_DATA BELOW_.
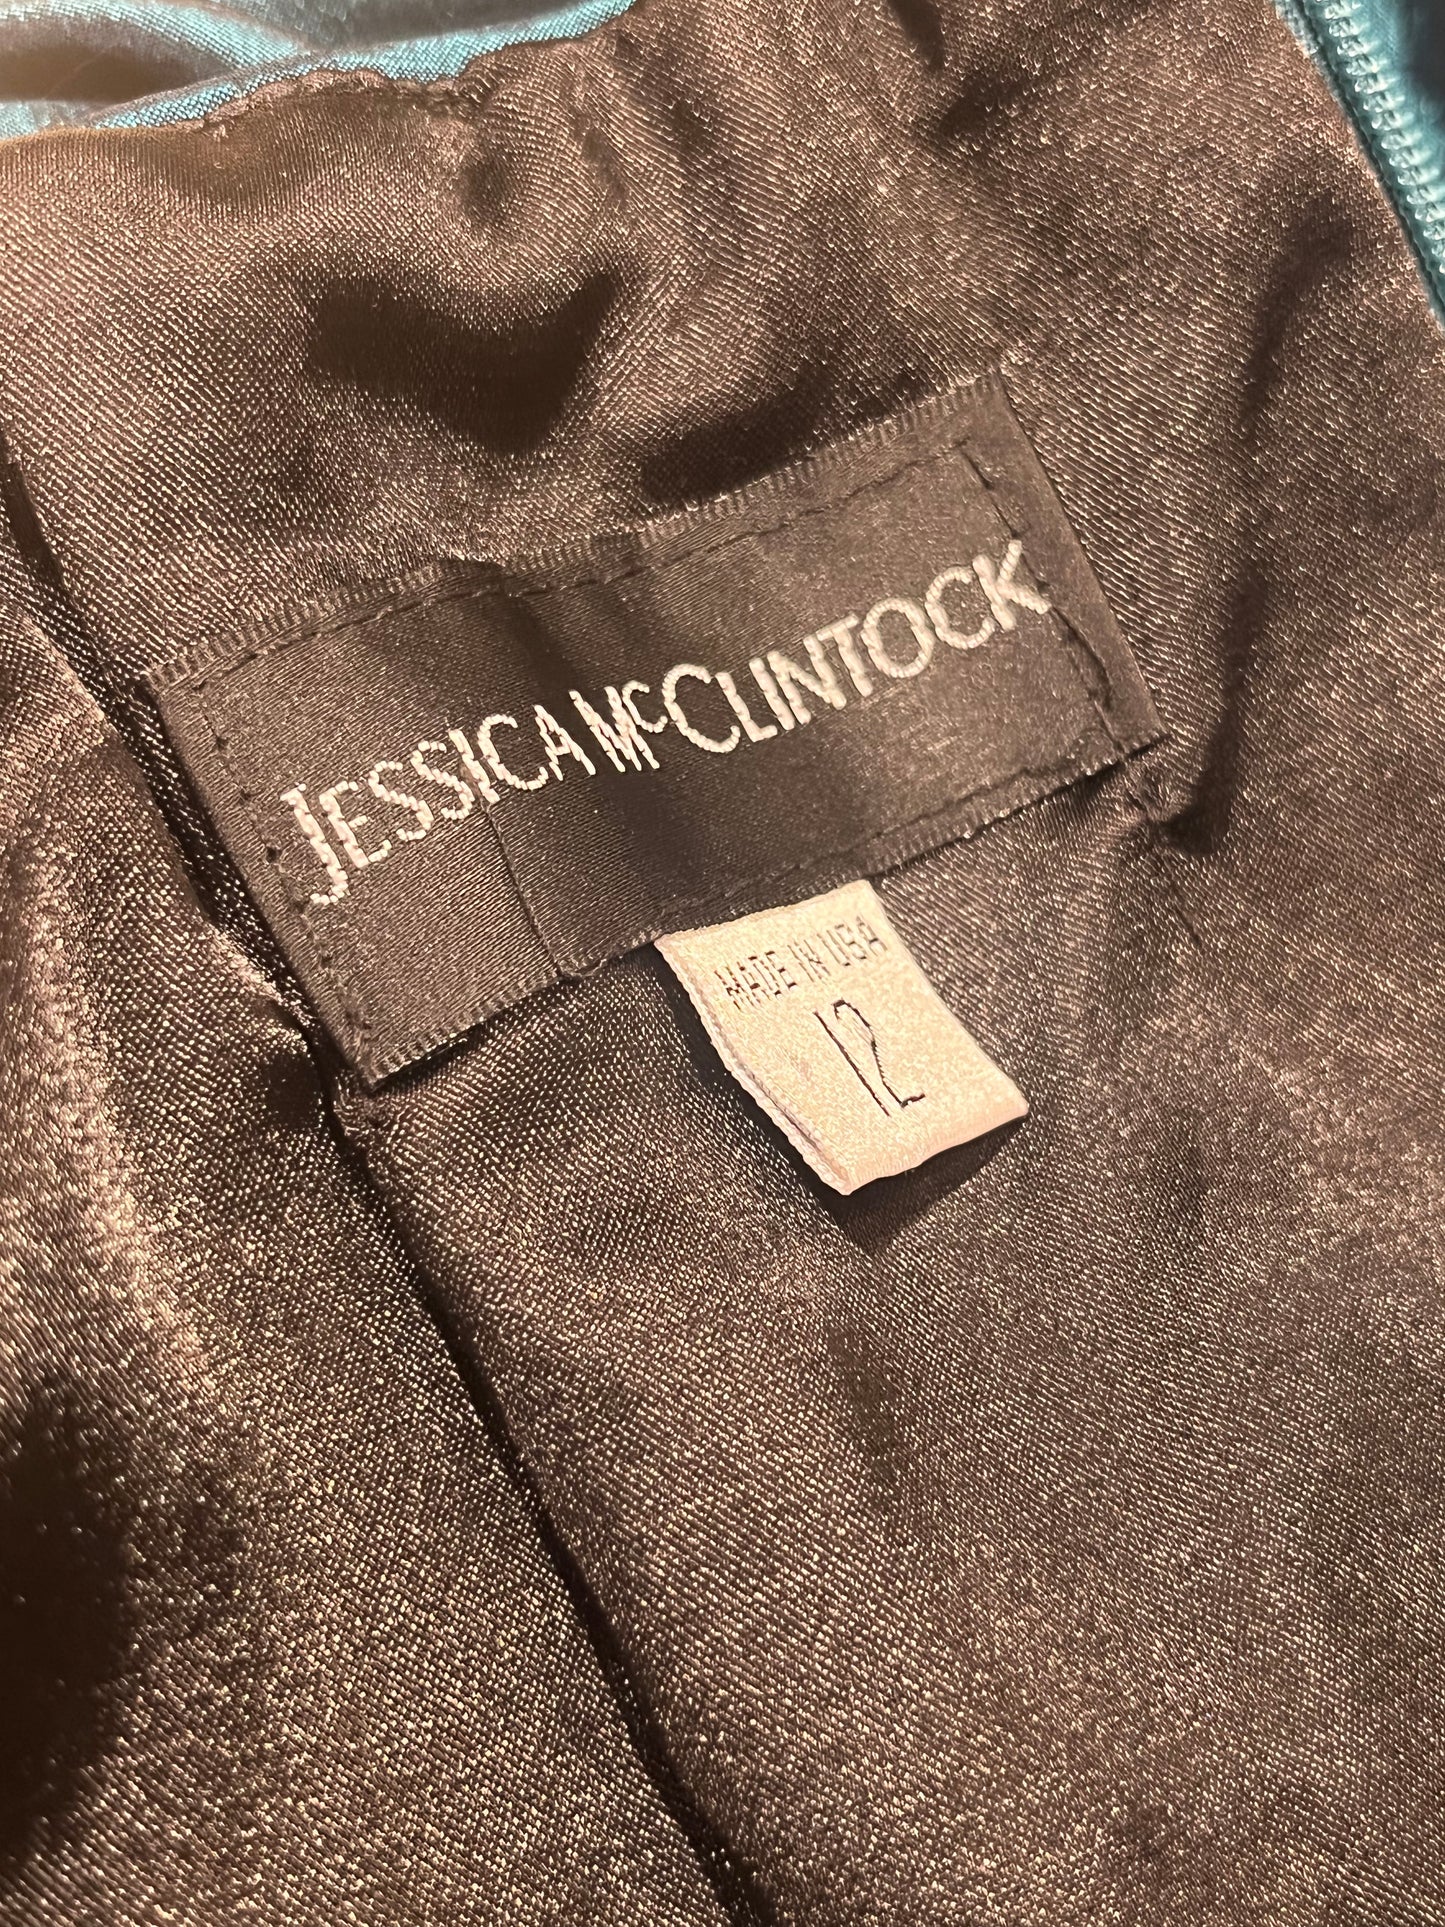 90s 'Jessica McClintock' Green Ruched Formal Mini Dress / Small
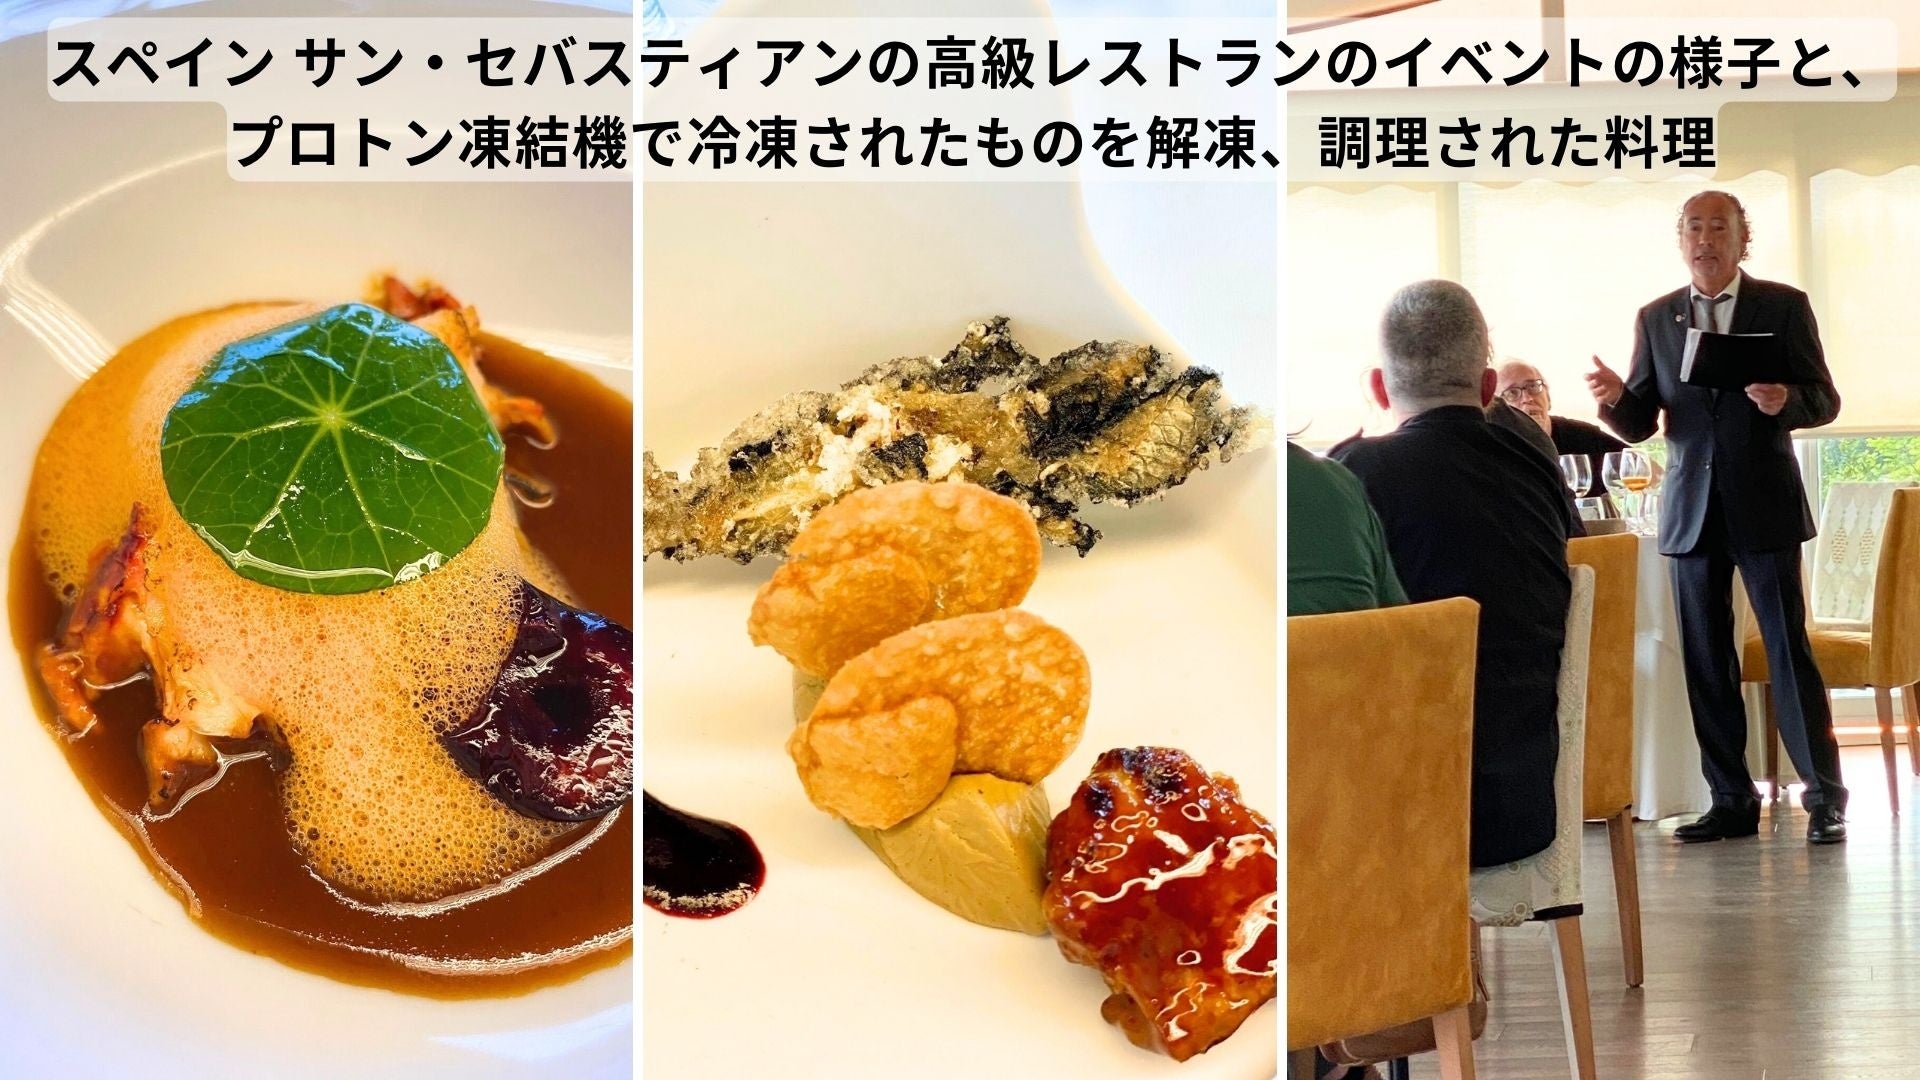 日本のプロトン凍結技術が美食の街バスクに新たな食の時代を切り開く スペイン サン・セバスティアンの高級レストランにて発表イベント開催
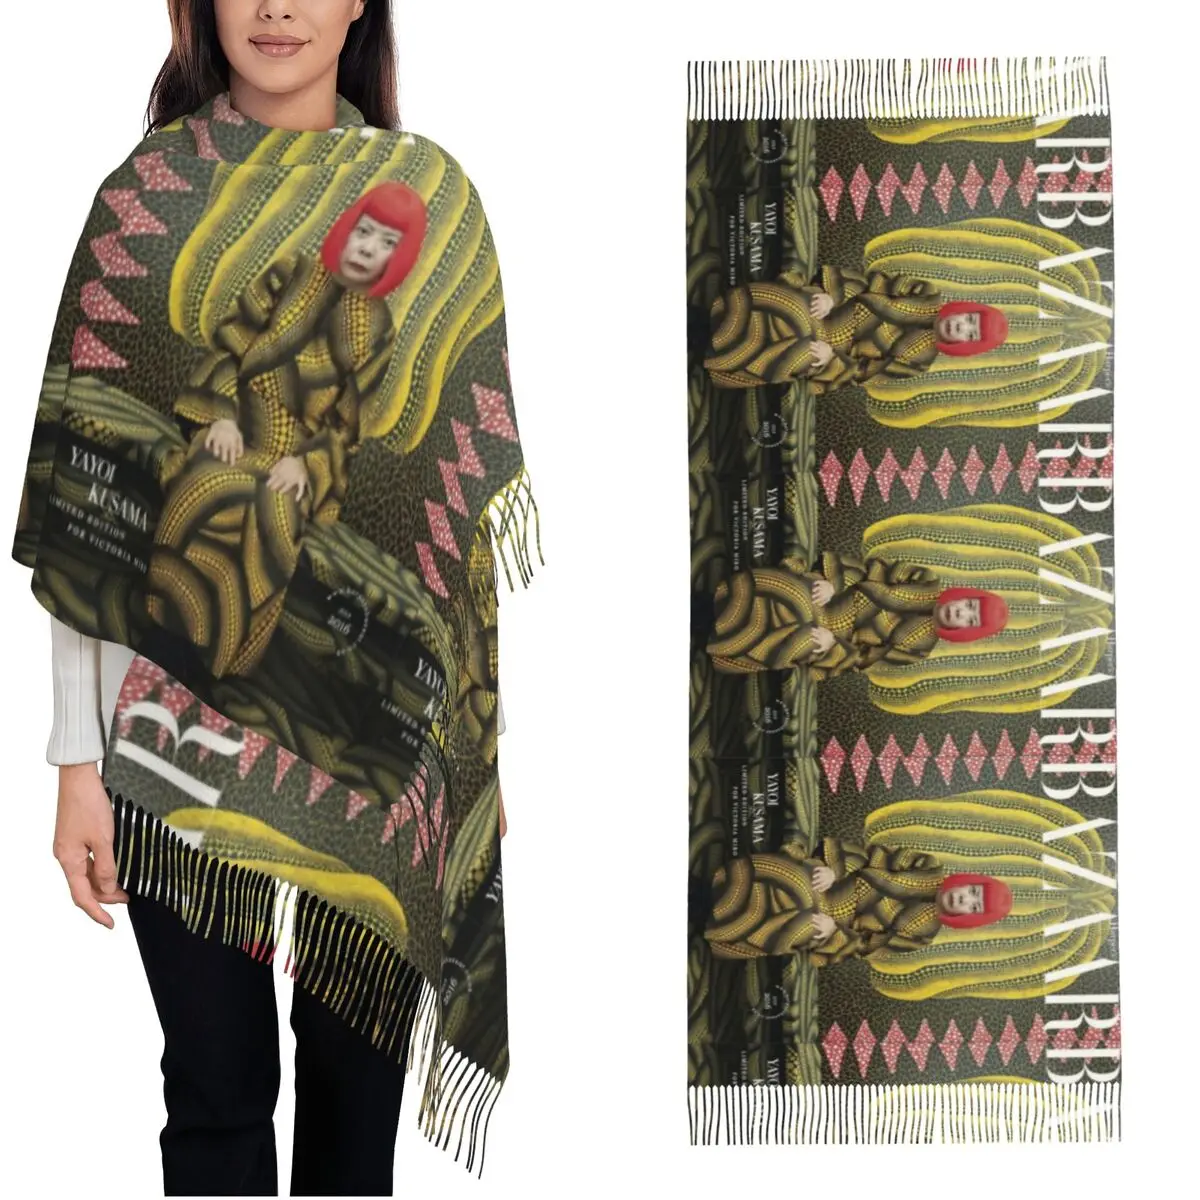 

Шарф Victoria Mico Yayoi Kusama для женщин, теплые зимние шали и накидка, винтажная японская художественная длинная шаль, шарф, повседневная одежда

_EXERCISE OBJECTIVE_.
Print the data exactly as written, dropping any images it holds.

_SOLUTION BELOW_.
 90s 'Jessica McClintock' Green Ruched Formal Mini Dress / Small
 日本のプロトン凍結技術が美食の街バスクに新たな食の時代を切り開く スペイン サン・セバスティアンの高級レストランにて発表イベント開催

Шарф Victoria Mico Yayoi Kusama для женщин, теплые зимние шали и накидка, винтажная японская художественная длинная шаль, шарф, повседневная одежда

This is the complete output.